In the records below, find the line with "1 in 5 people", then retype it and every following line exactly, stopping after the line with "Series of incredibly". Leave the pictures out.

§ The input
=== Begin Enclosure ===

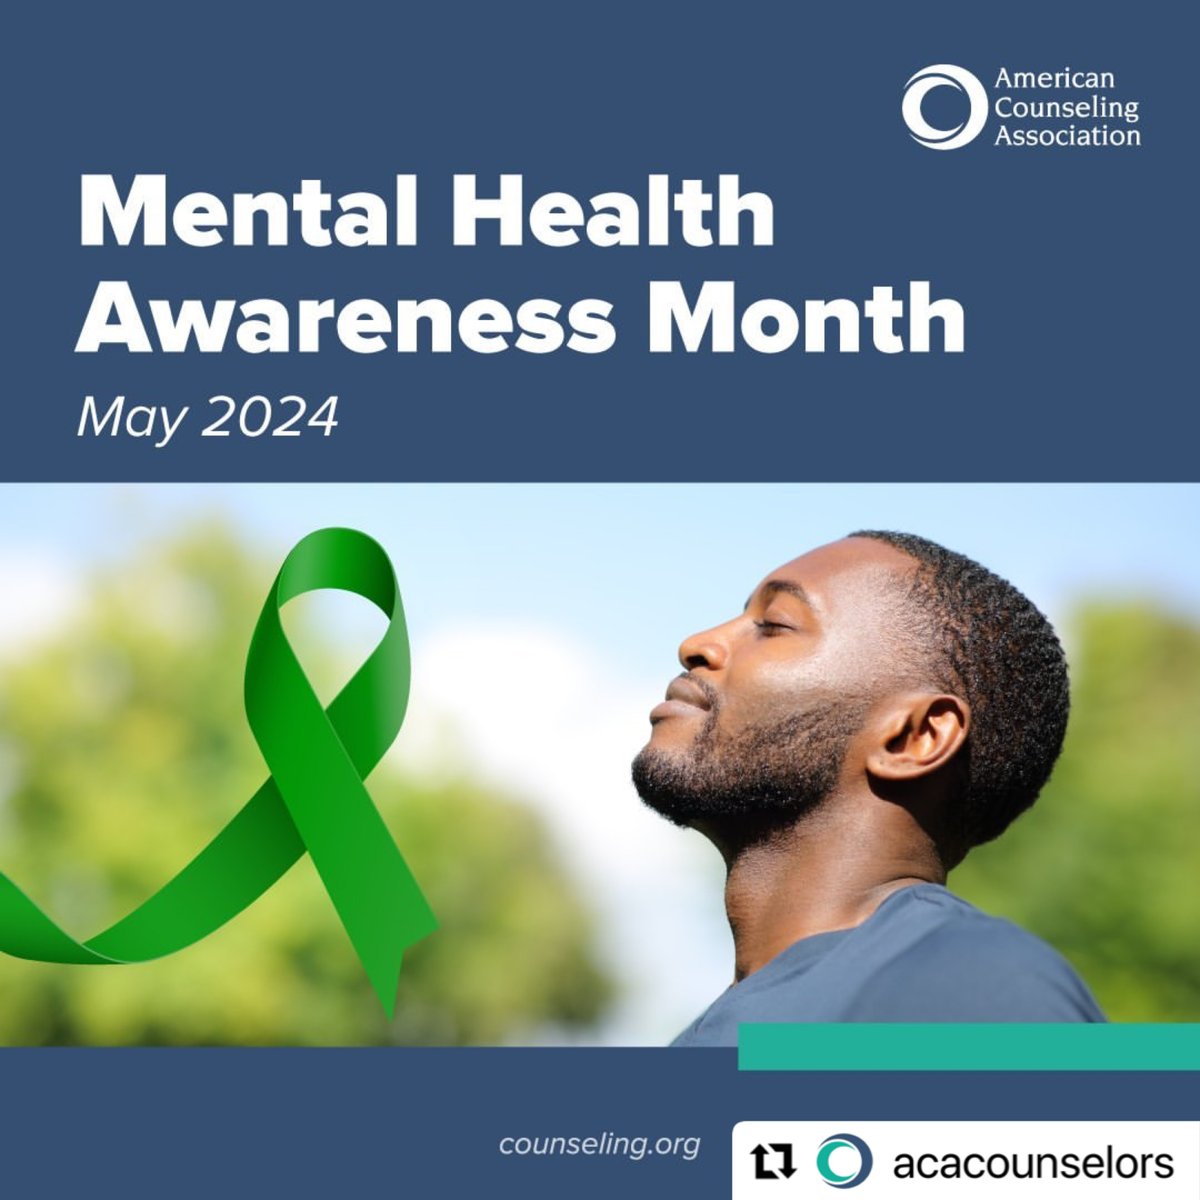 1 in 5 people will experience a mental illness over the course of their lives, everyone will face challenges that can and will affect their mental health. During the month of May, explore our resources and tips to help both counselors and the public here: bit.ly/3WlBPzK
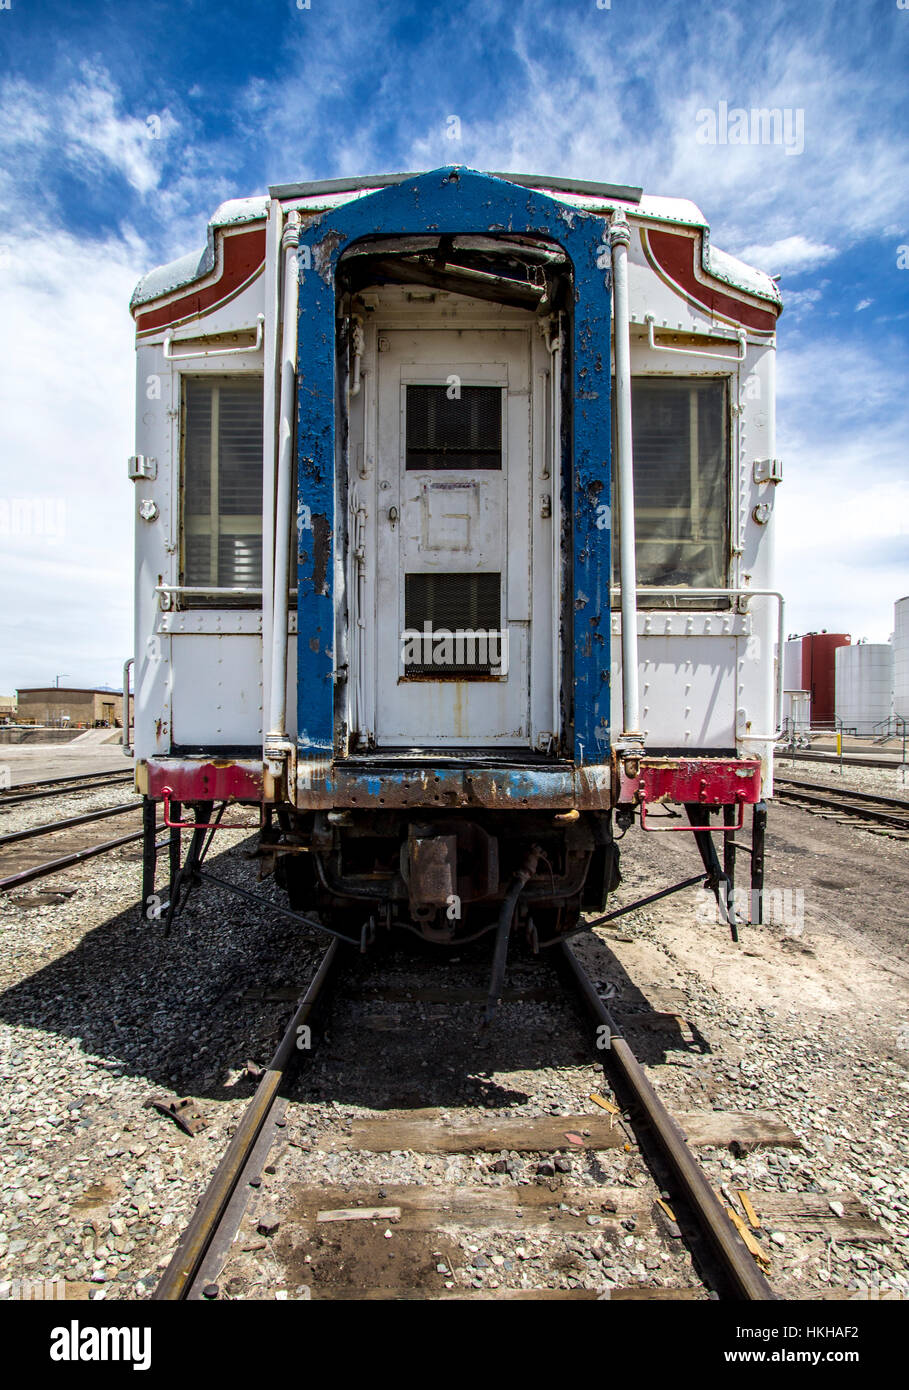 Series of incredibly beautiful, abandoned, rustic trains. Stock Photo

=== End Enclosure ===
=== Begin Enclosure ===

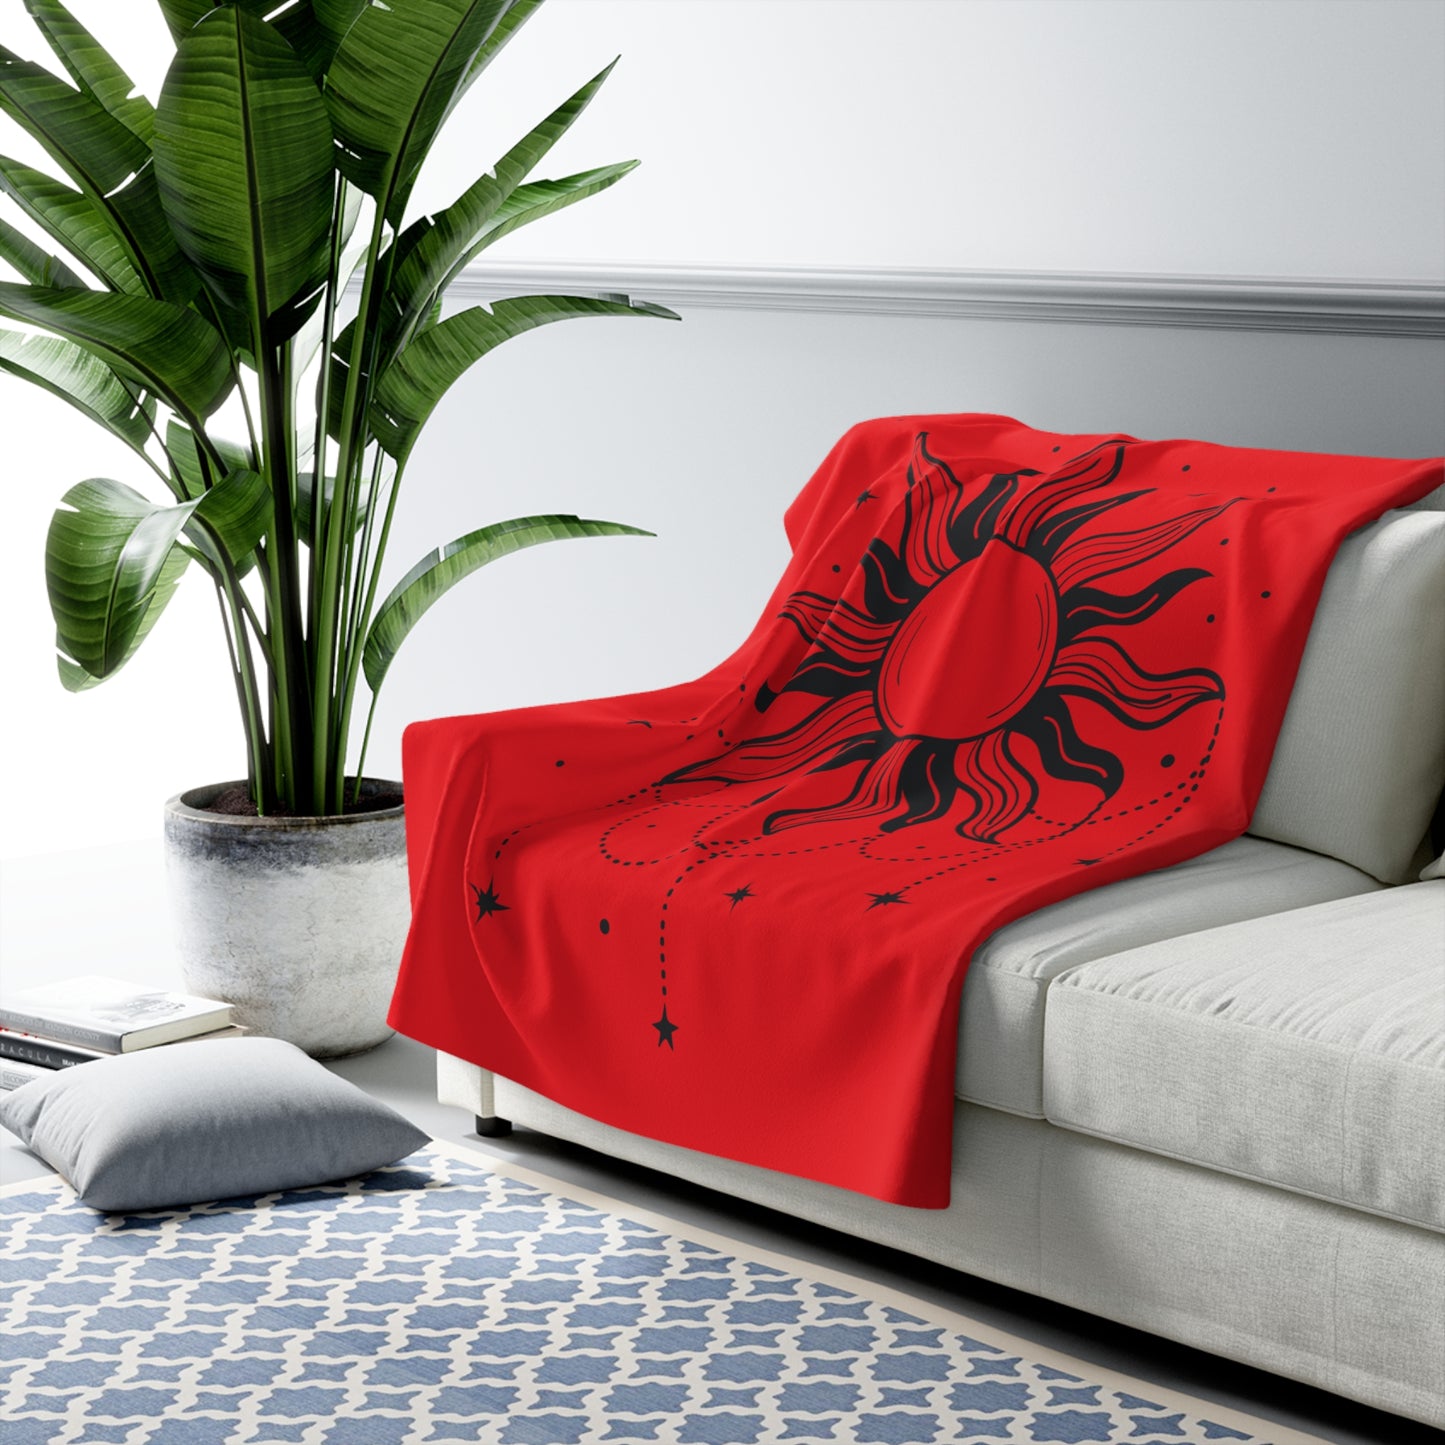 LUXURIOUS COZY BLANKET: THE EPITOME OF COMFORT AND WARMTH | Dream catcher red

=== End Enclosure ===
=== Begin Enclosure ===

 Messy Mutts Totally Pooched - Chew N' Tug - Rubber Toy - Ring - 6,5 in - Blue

=== End Enclosure ===

§ Problem solution
 1 in 5 people will experience a mental illness over the course of their lives, everyone will face challenges that can and will affect their mental health. During the month of May, explore our resources and tips to help both counselors and the public here: bit.ly/3WlBPzK
 Series of incredibly beautiful, abandoned, rustic trains. Stock Photo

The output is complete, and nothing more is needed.